Lors de la sortie de Dirt II au Japon, l’édition limitée de l’album contenait non seulement une place au concert de KOHH mais également une entrée au sein de sa galerie d’art, créée pour

l’occasion à côté de la salle où il performait. Ses deux amours, la musique et l’art, sont rarement dissociés. Qu’il soit question de dessins inspirés par Marcel Duchamp ou Joan Miró, ou de sculptures et collages emplis de surréalisme, le jeune artiste crée de nombreuses œuvres qu’il devrait exposer prochainement. Il avait d’ailleurs organisé le 25 juin dernier à la galerie Tokyoïtes Art de Paris une exposition où 8 artistes (dont le célèbre artiste de graff Gucci Ghost) réinterprétaient son portrait. Un amour pour l’art et la création qu’il exhibe à même la peau, à travers de nombreux tatouages comme le très célèbre L.H.O.O.Q de Duchamp au milieu de la gorge, mais aussi le visage de Nikola Tesla sur le bras. Avant de me lancer dans le rap, je voulais être tatoueur, précise-t-il, j’ai commencé à 12 ou 13 ans, mon premier tatouage était mon nom, que j’ai recouvert finalement.
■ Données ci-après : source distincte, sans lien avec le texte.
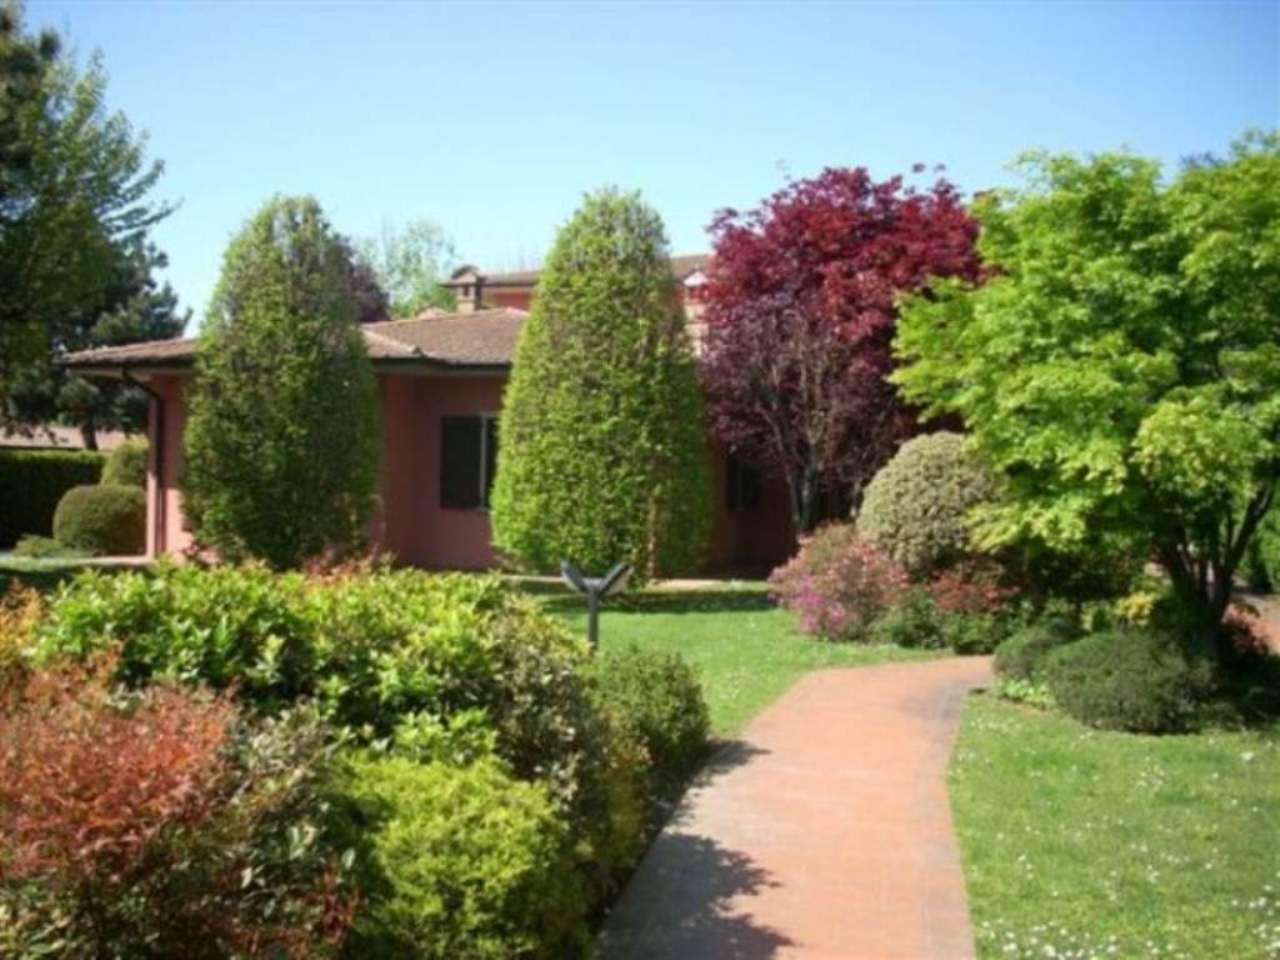 Villa in vendita a Crema, 6 locali, prezzo € 380.000 | Cambio Casa.it
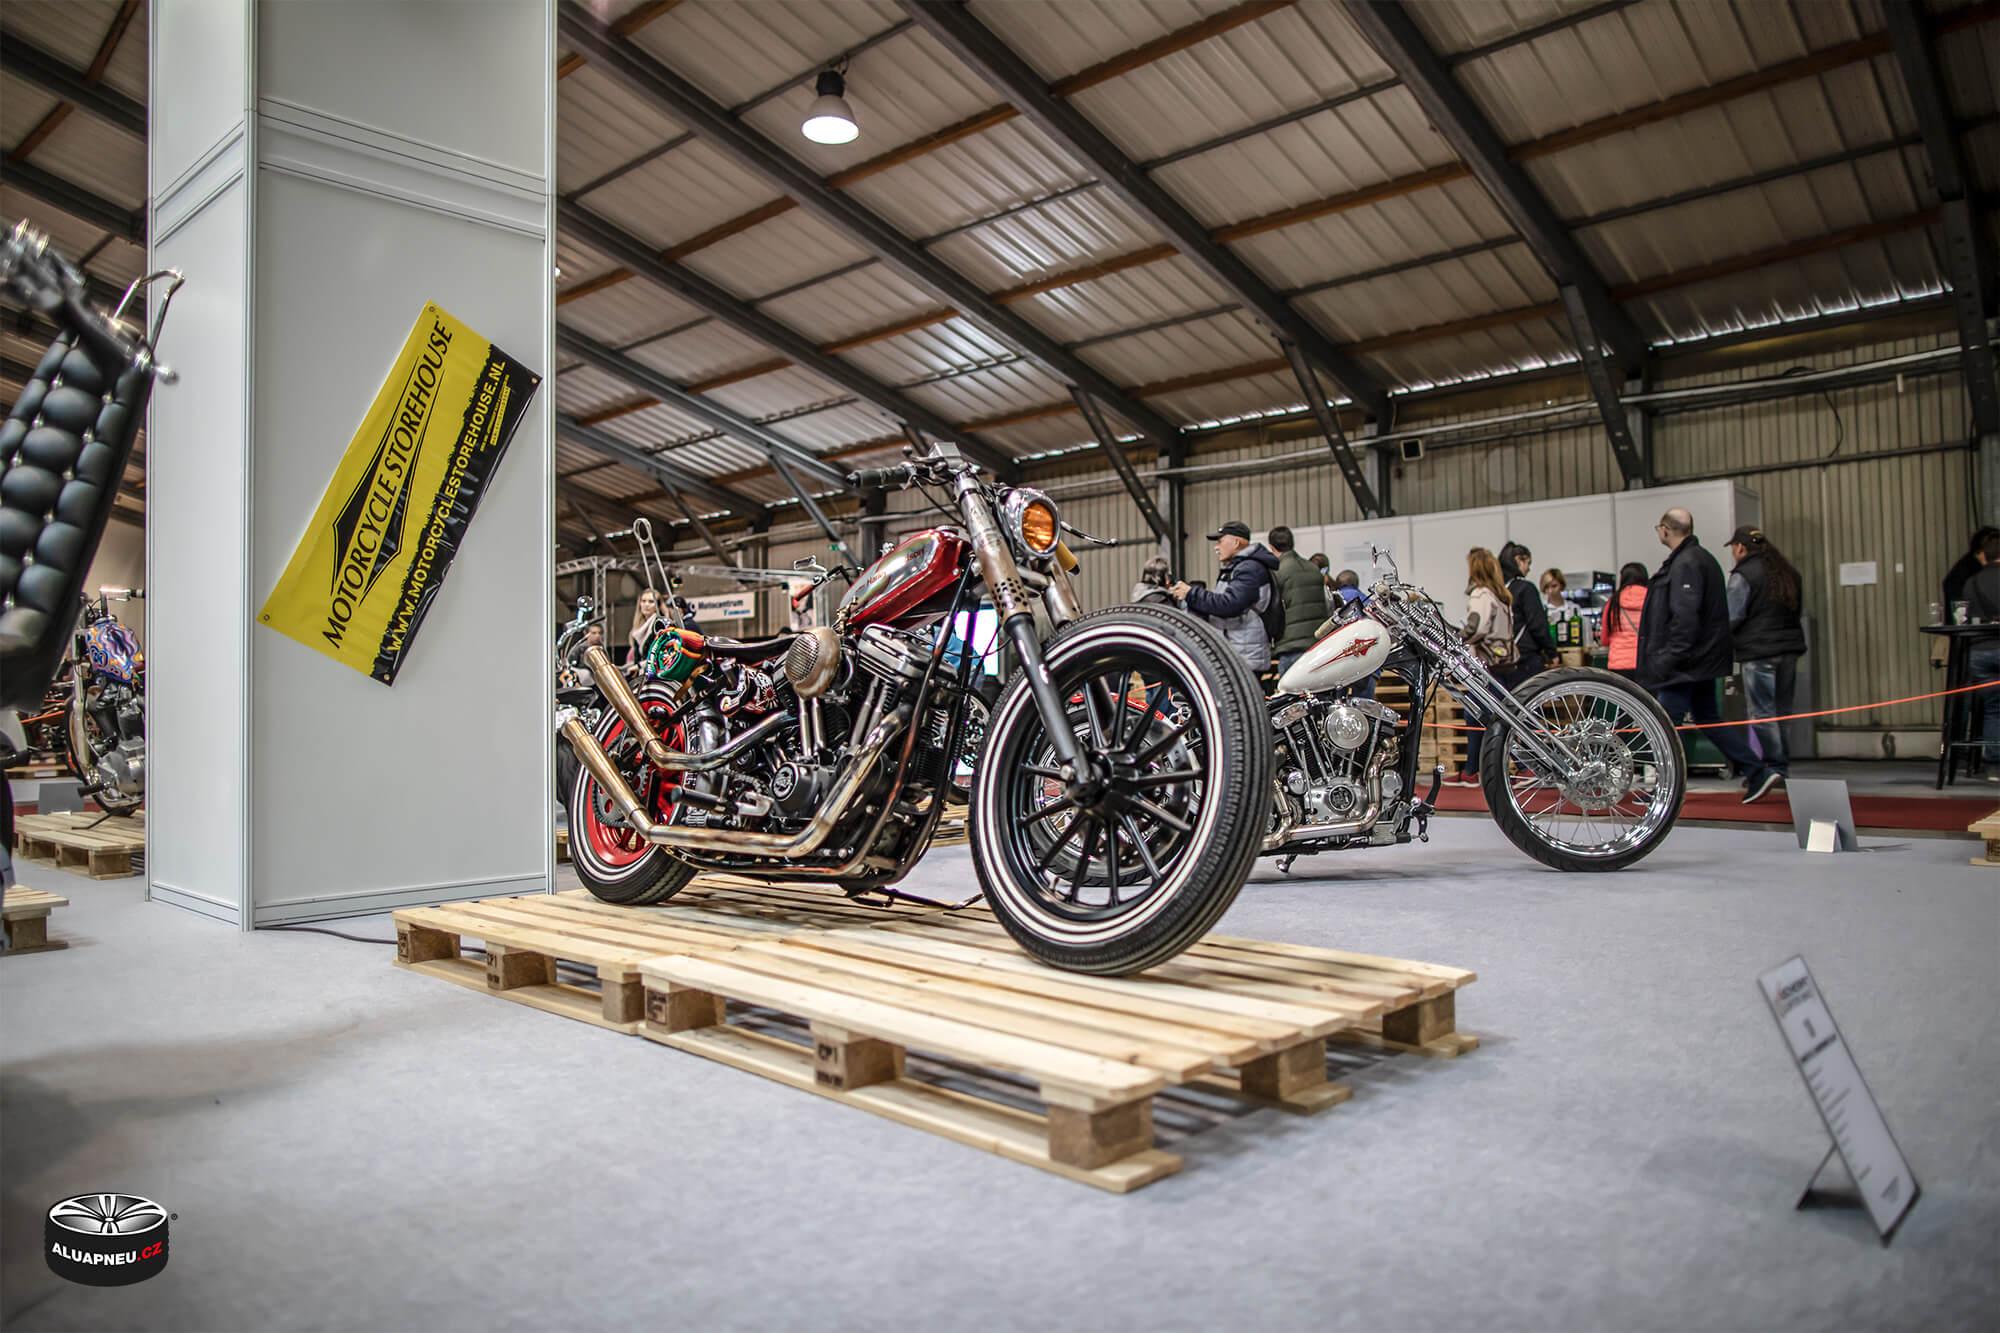 Motoshow - Autosalon Praha 2019 - www.aluapneu.cz

KOHH au dernier défilé Facetasm Printemps/Ete 2017 à Paris.

Des ornements qui vont de pair avec un sens de la mode affirmé. L’artiste, qui cite dans ses chansons Prada ou Alexander Wang, s’amuse du style gangster qu’il arborait tout jeune et qui fut sa première plongée dans l’univers de la mode : “Un de mes amis faisait partie d’un gang, confie l’artiste, du coup il avait toute la panoplie à l’américaine, chaîne en or, maillot de basket extra-large, casquette, j’ai tout de suite adoré ce style.” Aujourd’hui, KOHH est plus séduit par Jacquemus, Toga et Facetasm, dernière marque pour laquelle il a d’ailleurs déjà été mannequin.

 

Une personnalité versatile en somme, qui sème son irrévérence et son amour pour l’art un peu partout, guidé par une volonté unique qu’il exprime lui-même : “Je veux devenir une légende vivante.” Beau programme.

 

KOHH “Dirt II”, disponible chez Apple Music et en écoute sur Arte lors de l'émission "Tracks" diffusée le 7 octobre 2016.